The case is plainly one of gross laches on the part of Stinchcomb and those claiming under him. His right under the deed of 1818, to repossess himself of the premises by paying rents and charges in arrear, accrued the moment Van Ness re-entered in 1833 or 1834. But this right could not last forever. Its assertion could not be safely neglected for an unreasonable length of time. The bill discloses no plausible, much less sufficient, explanation of the long delay ensuing, after 1833, without any movement upon the part of Stinchcomb, his representatives or heirs, to recover the property, by discharging the rents and charges in arrear, and re-entering, as might have been done, in pursuance of the provisions of the deed of 1818. On the contrary, the facts set out in the bill justifies the conclusion either that Stinchcomb elected, in his life-time, to abandon all claim upon the property and leave Van Ness in possession, as in his former estate, or that his claim was, in some way satisfactorily arranged or discharged. The complainant and those whom she represents have slept too long upon their rights. The peace of society and the security of property demand that the presumption of right, arising from a great lapse of time without the assertion of an adverse claim should not be disturbed. In such cases, sound discretion requires that the court should withhold relief.
Some reference has been made to the decisions of the supreme court of Maryland, the laws of which state, as they existed on the twenty-seventh day of February, 1801, except as since modified or repealed by congress, continue in force in this district.

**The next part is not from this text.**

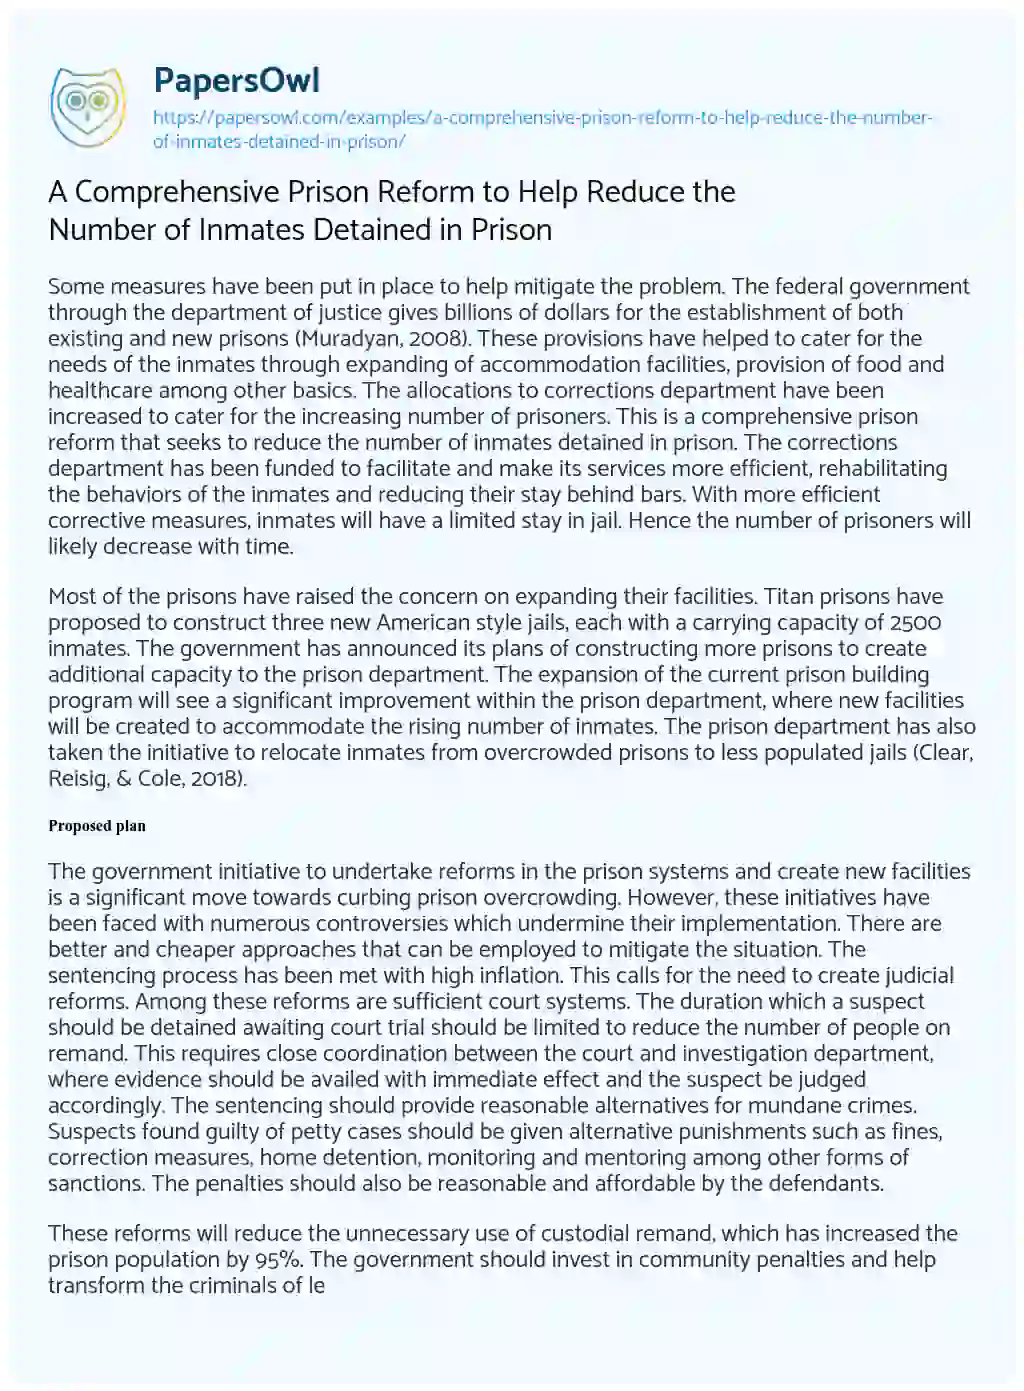 Essay on A Comprehensive Prison Reform to Help Reduce the Number of Inmates Detained in Prison
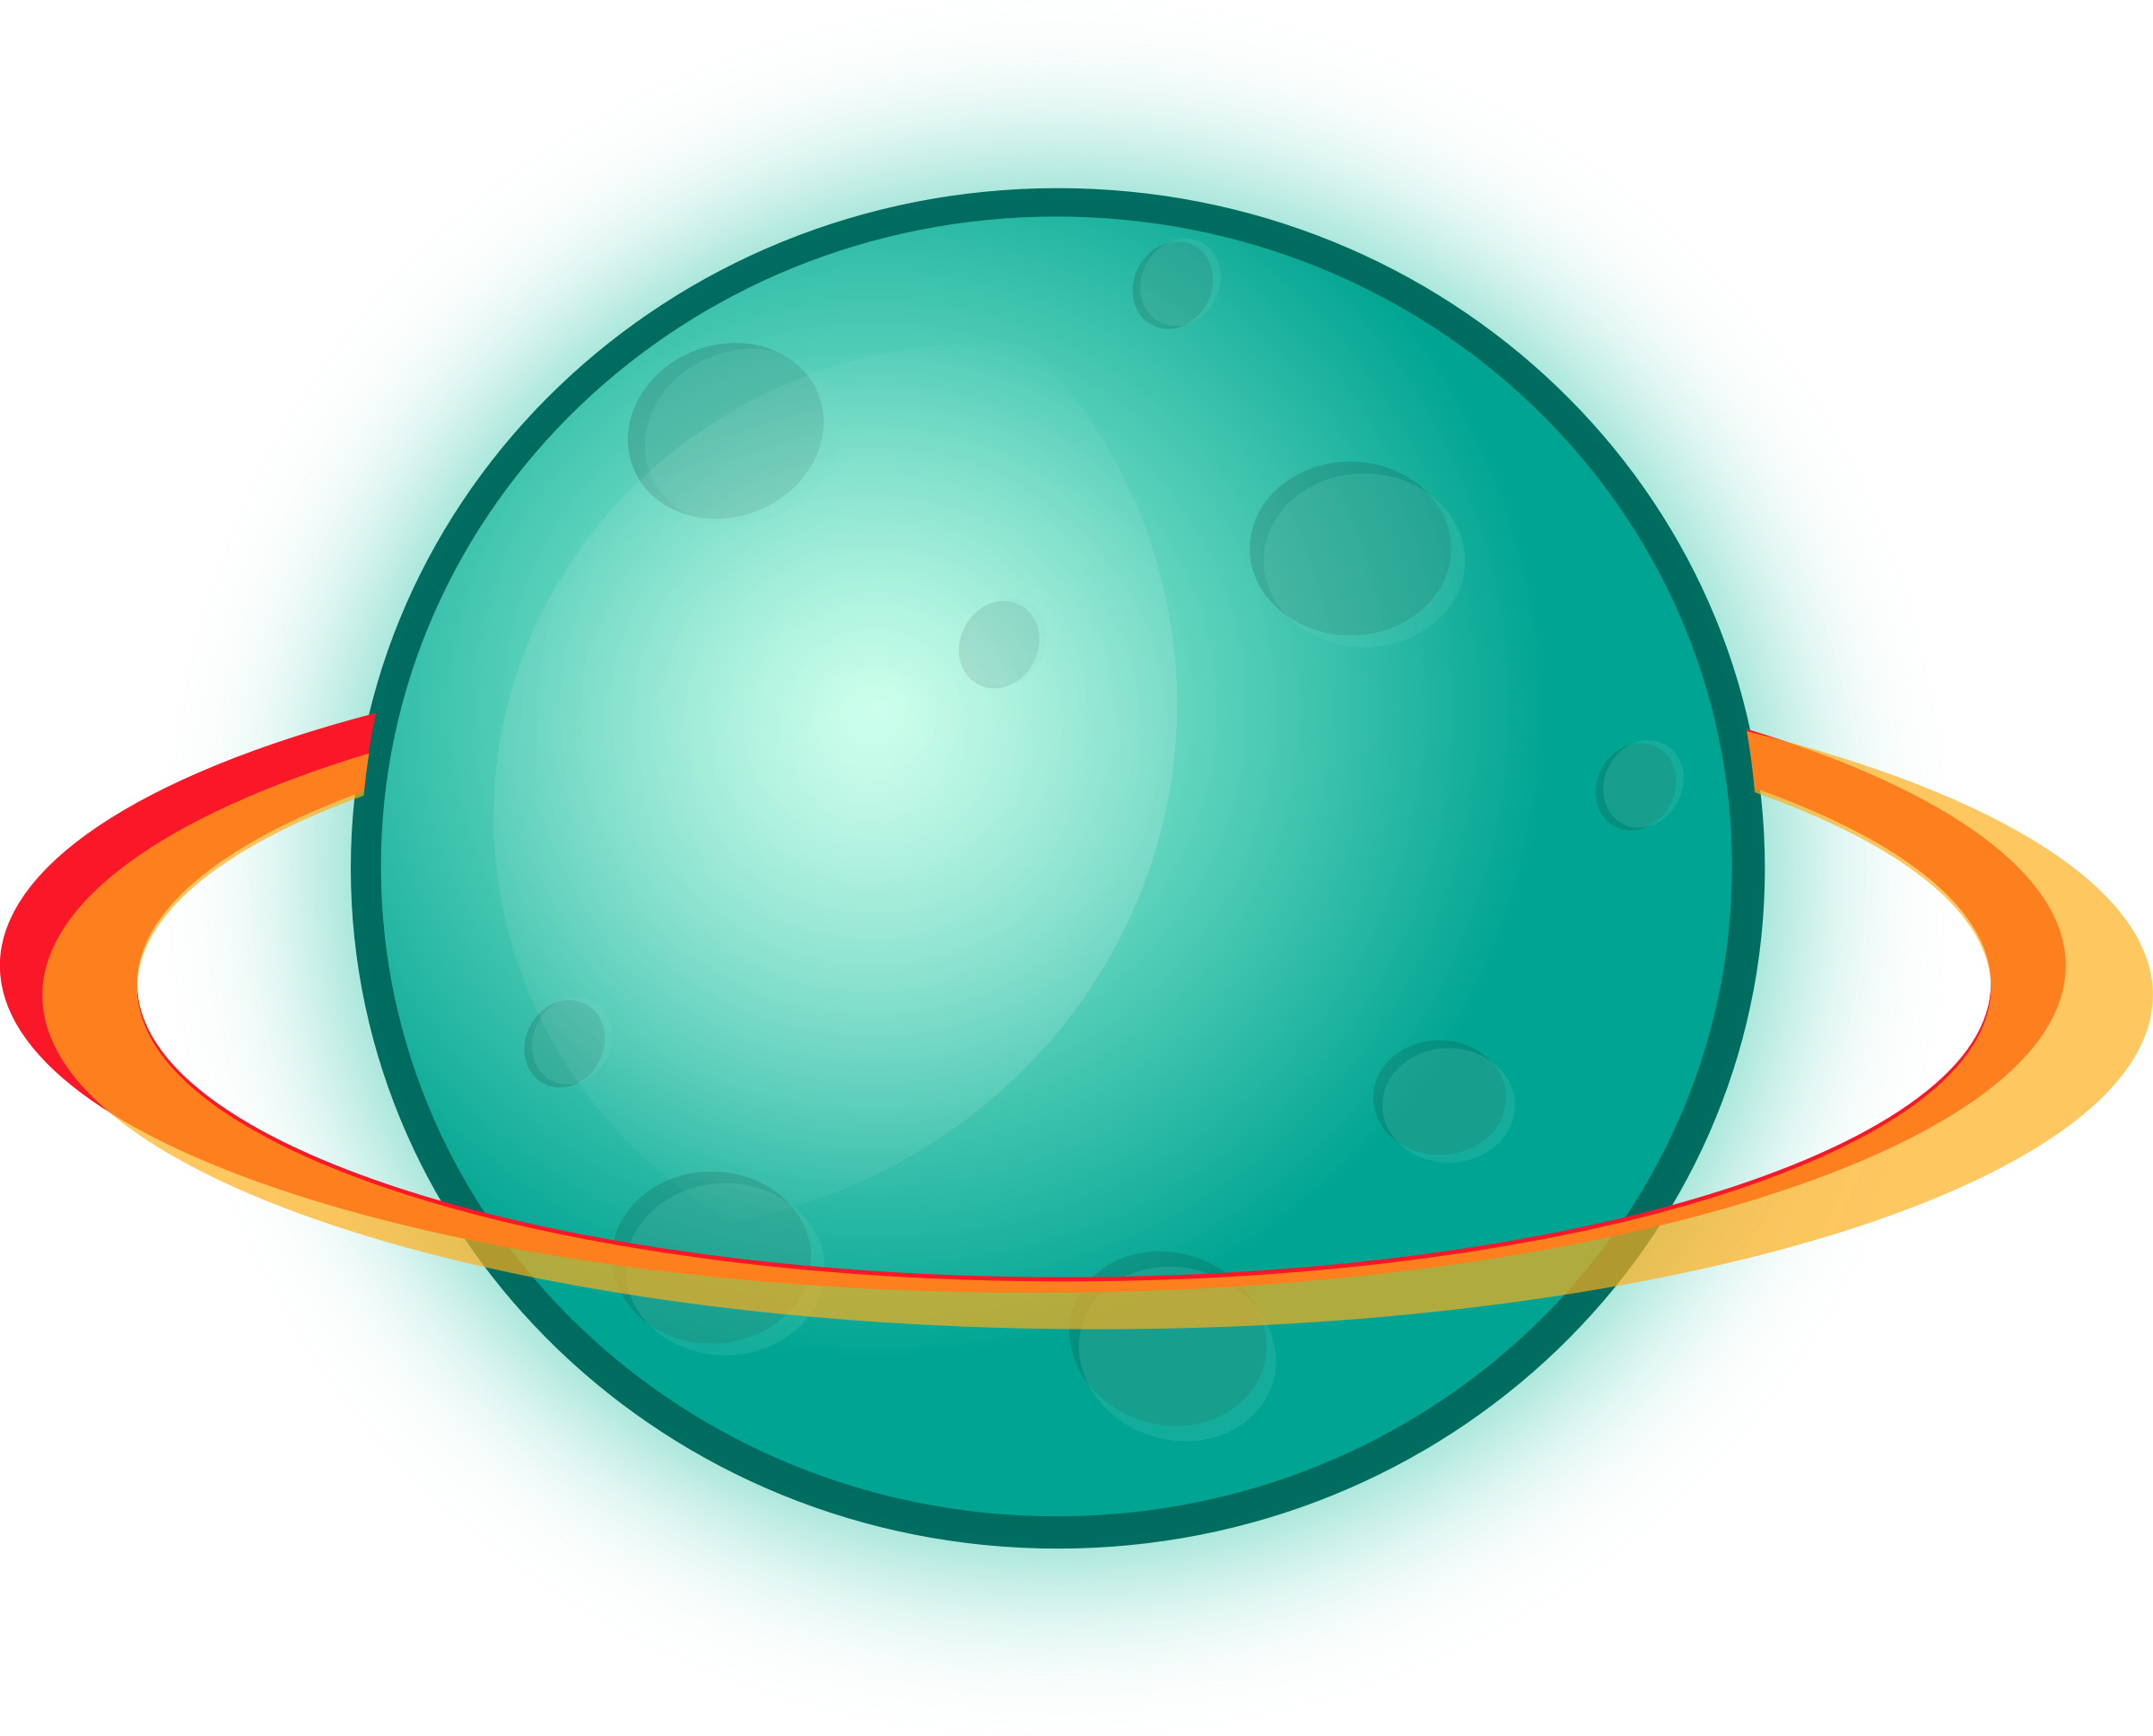 Clipart rocket planet. With rings by magnesus

It is only necessary to say that the principles to which we have referred have been steadily upheld by the supreme court of Maryland, not upon the ground of any changes in the law of that state since 1801, but in deference to the established doctrines governing courts of equity in giving relief to those who seek the enforcement of antiquated demands. Hepburn's Case, 3 Bland, Ch. 110; Hawkins v. Chapman, 26 Md. 100; Nelson v. Hagerstown Bank, 27 Md. 74; Syester v. Brewer, Id. 319; Frazier v. Gelston, 35 Md. 314.
For the reasons given, we are of opinion that the court below properly sustained the demurrer, and dismissed the bill for want of equity. The decree is affirmed.